É bastante recorrente tais comentários em sala de aula, principalmente por parte de alunas que carregam consigo algum tipo de crença religiosa e espiritual. Por vezes as ações corporais inusitadas e que surpreendem frente a gama de possibilidades que o corpo já acessou anteriormente é sucedida por algum comentário como esse relatado dado por uma aluna que teve contato pela primeira vez com a aula: “me pareceu que ‘baixou um santo’ aqui que não era eu. Nunca havia feito isso antes, não é possível”.

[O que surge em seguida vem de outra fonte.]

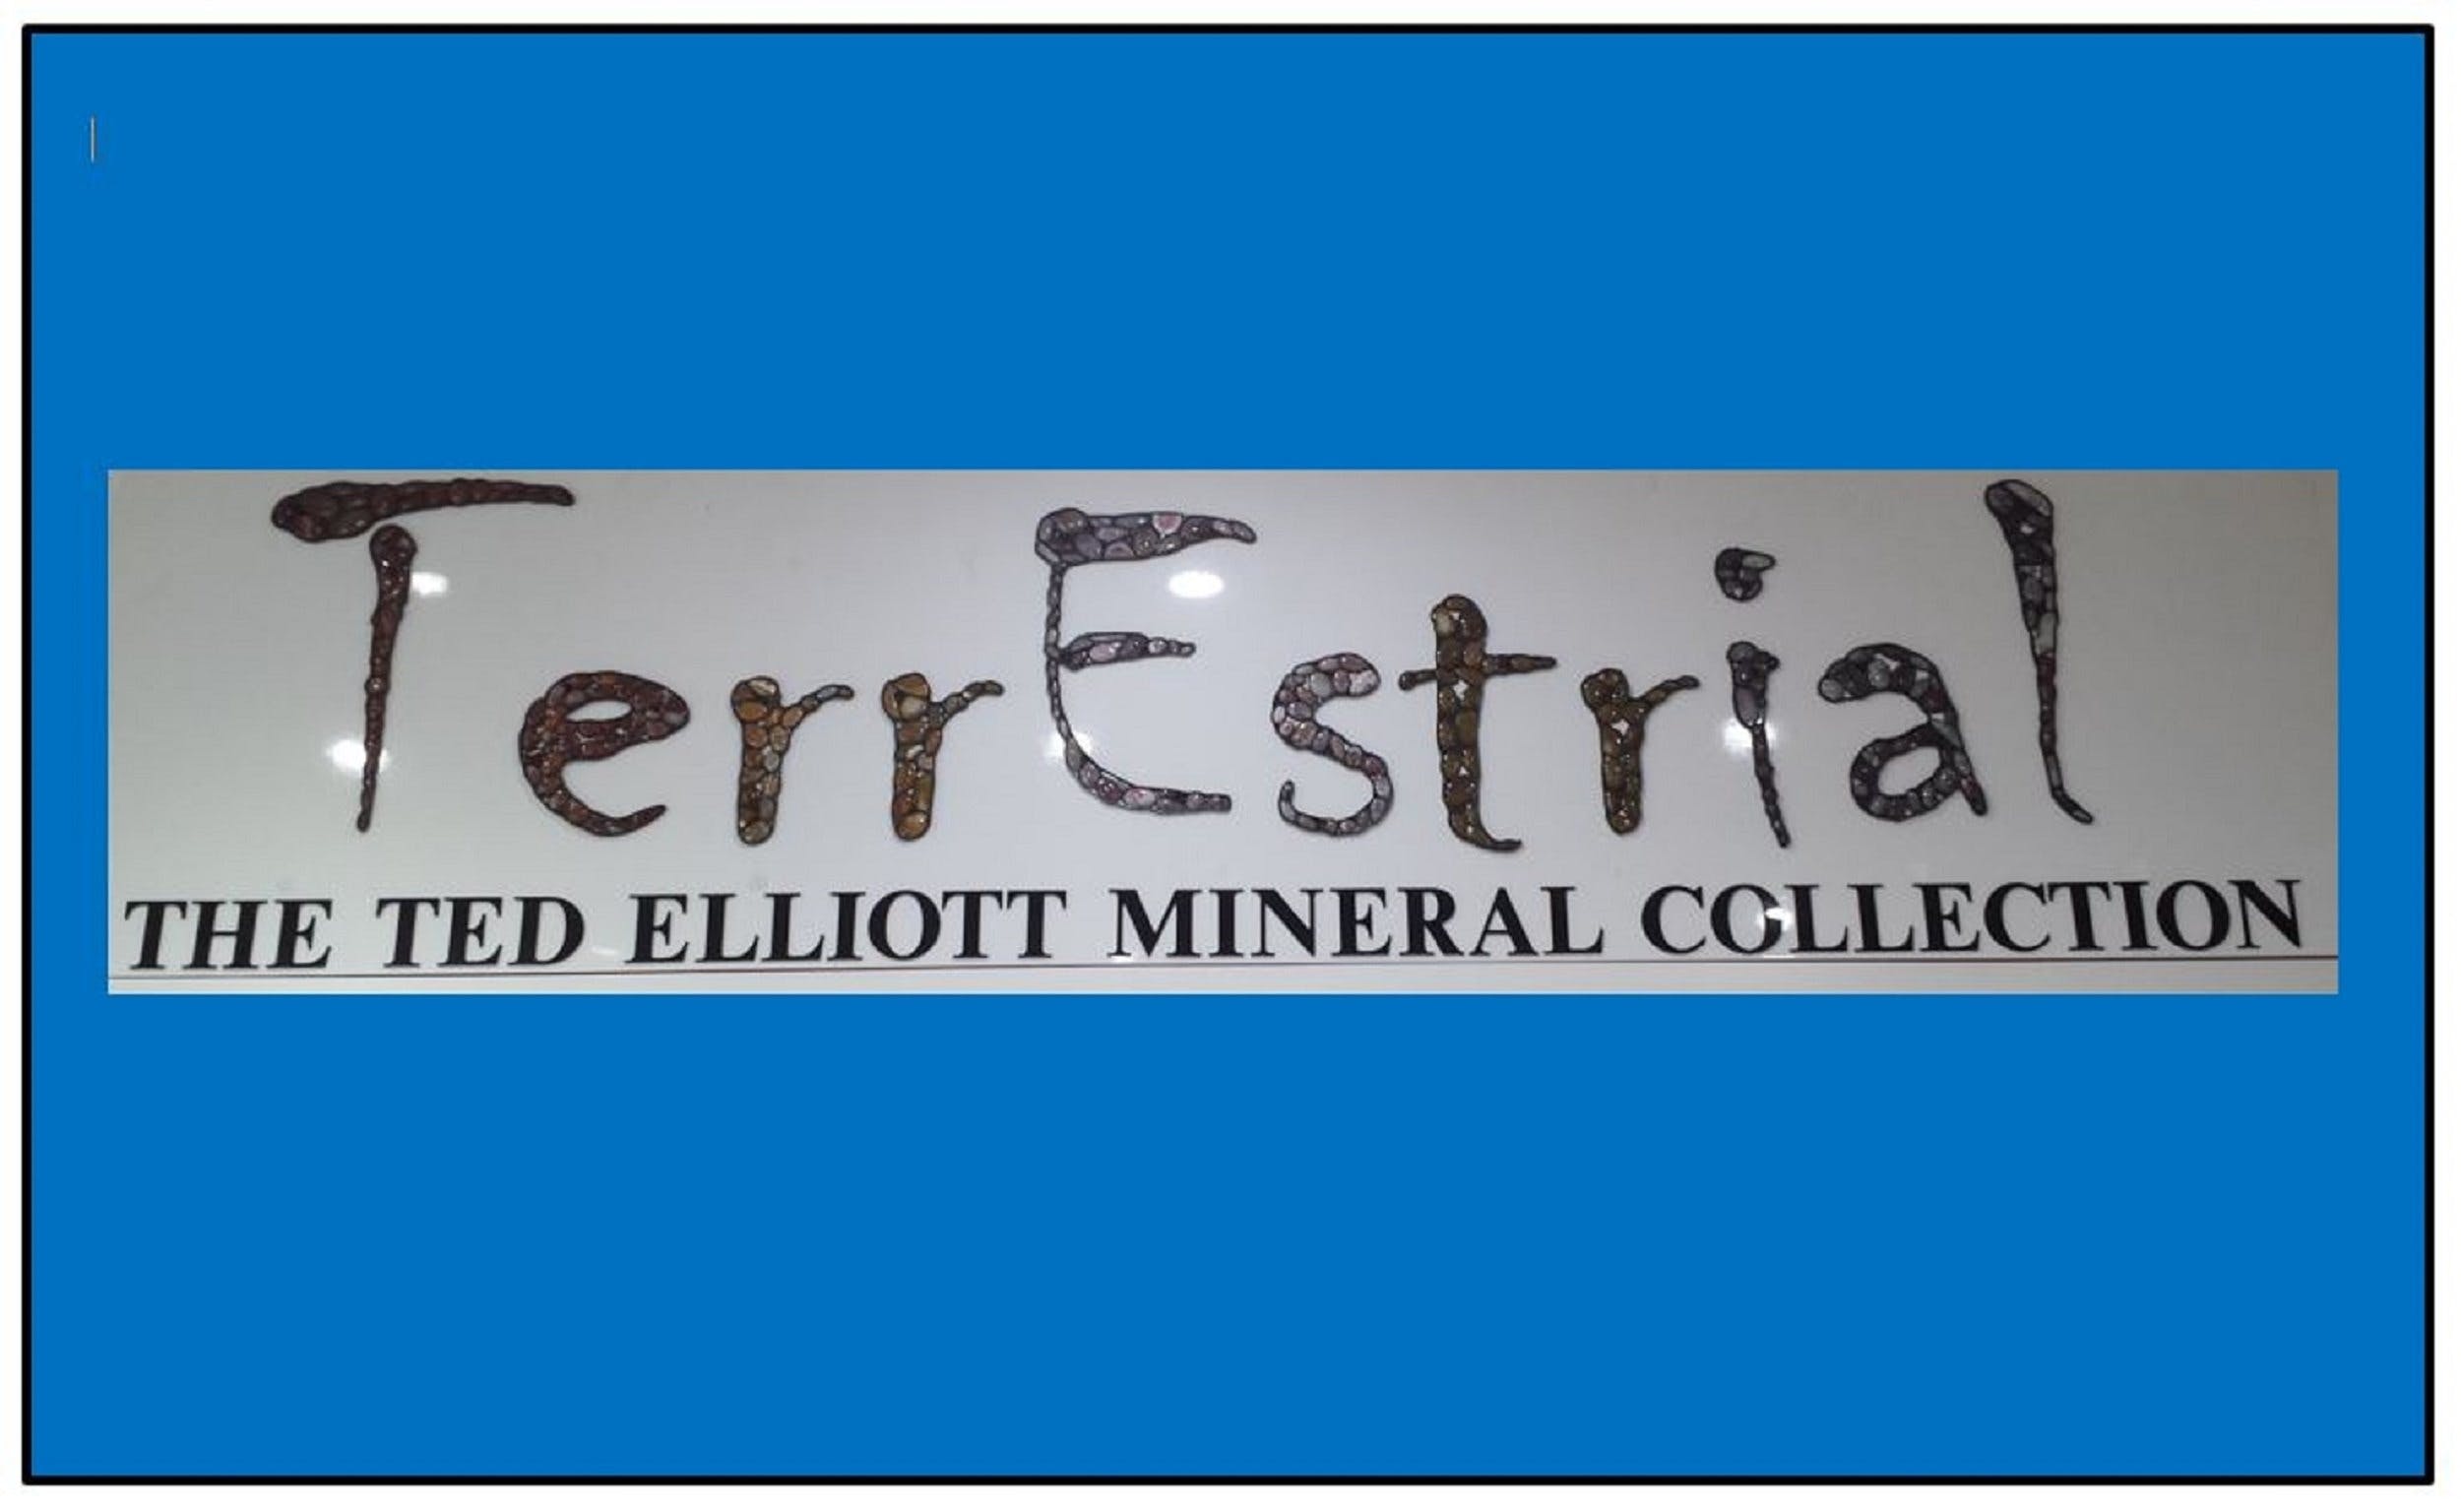 The Ted Elliott Mineral Collection
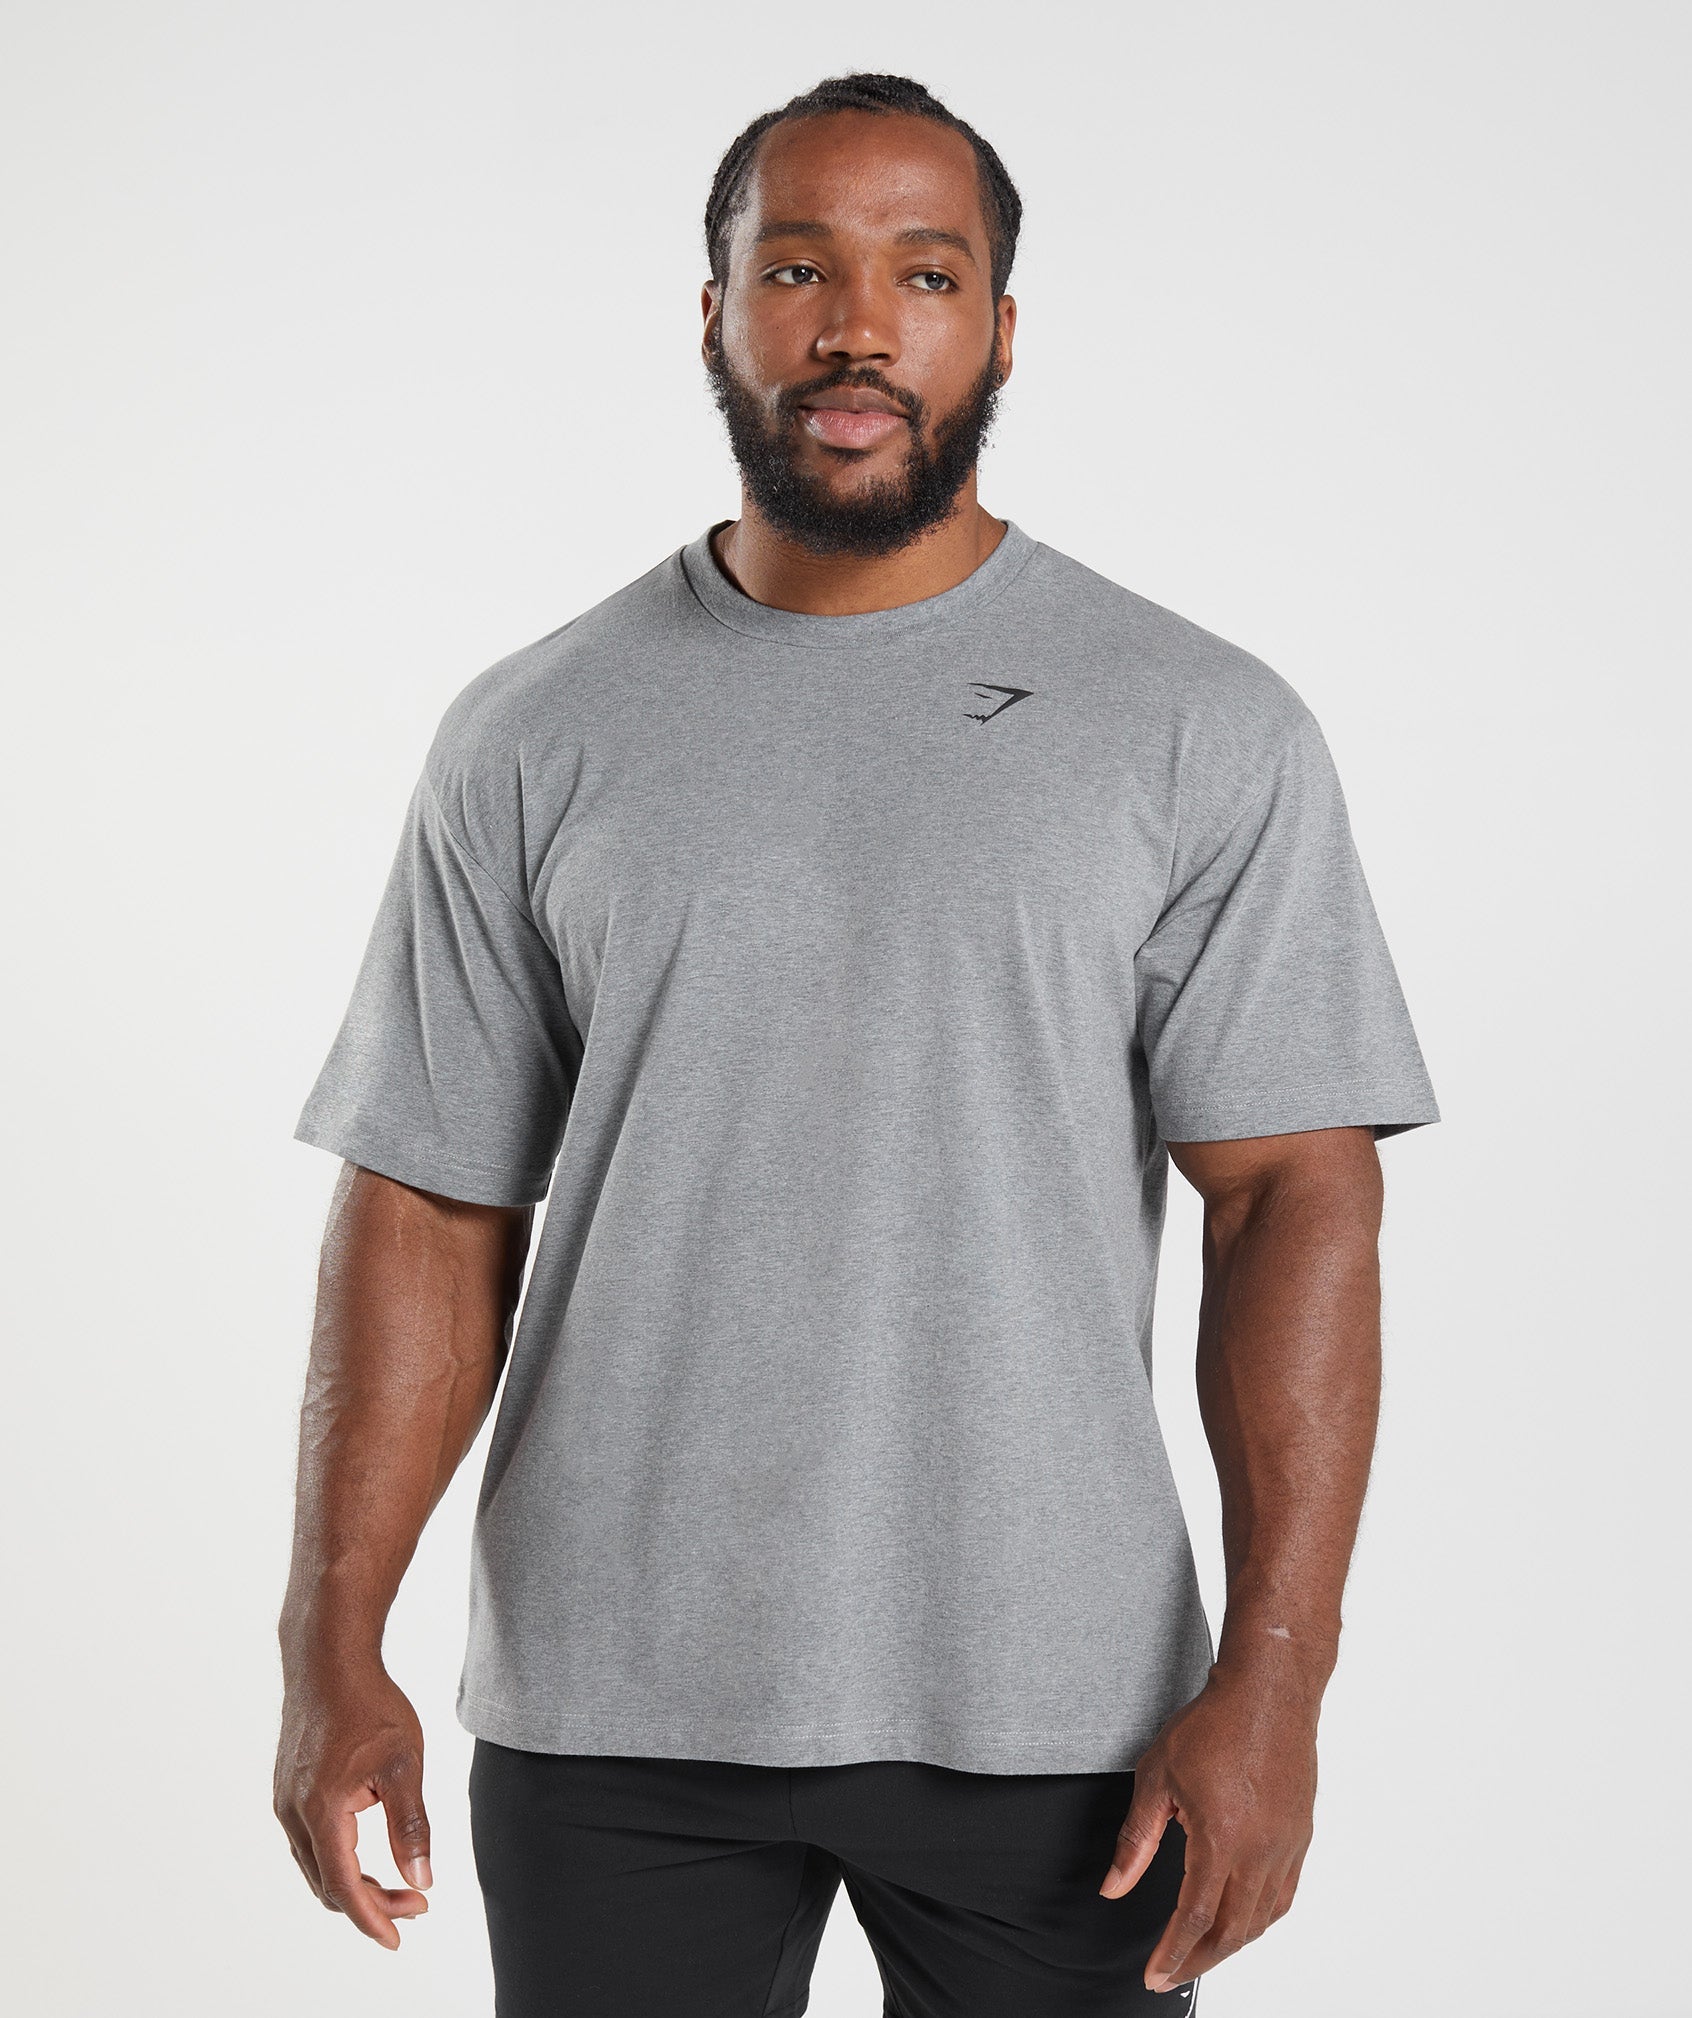 Essential Oversized T-Shirt in Charcoal Marl is out of stock

Dessa forma, os conhecimentos anatômicos e histórico-sociais que busco agregar nas aulas se apresentam como vias importantes para promover a possibilidade de compreensão de que as descobertas apreendidas durante as atividades, passam por um desconhecimento advindo de uma estrutura edificada a partir de uma gênese histórica, e que ao penetrar na subjetividade humana se instaura sobre um complexo de ferramentas com inúmeras capacidades de desarticulá-lo e fornecerem novas dimensões acerca do substrato material e subjetivo que possuímos: o corpo.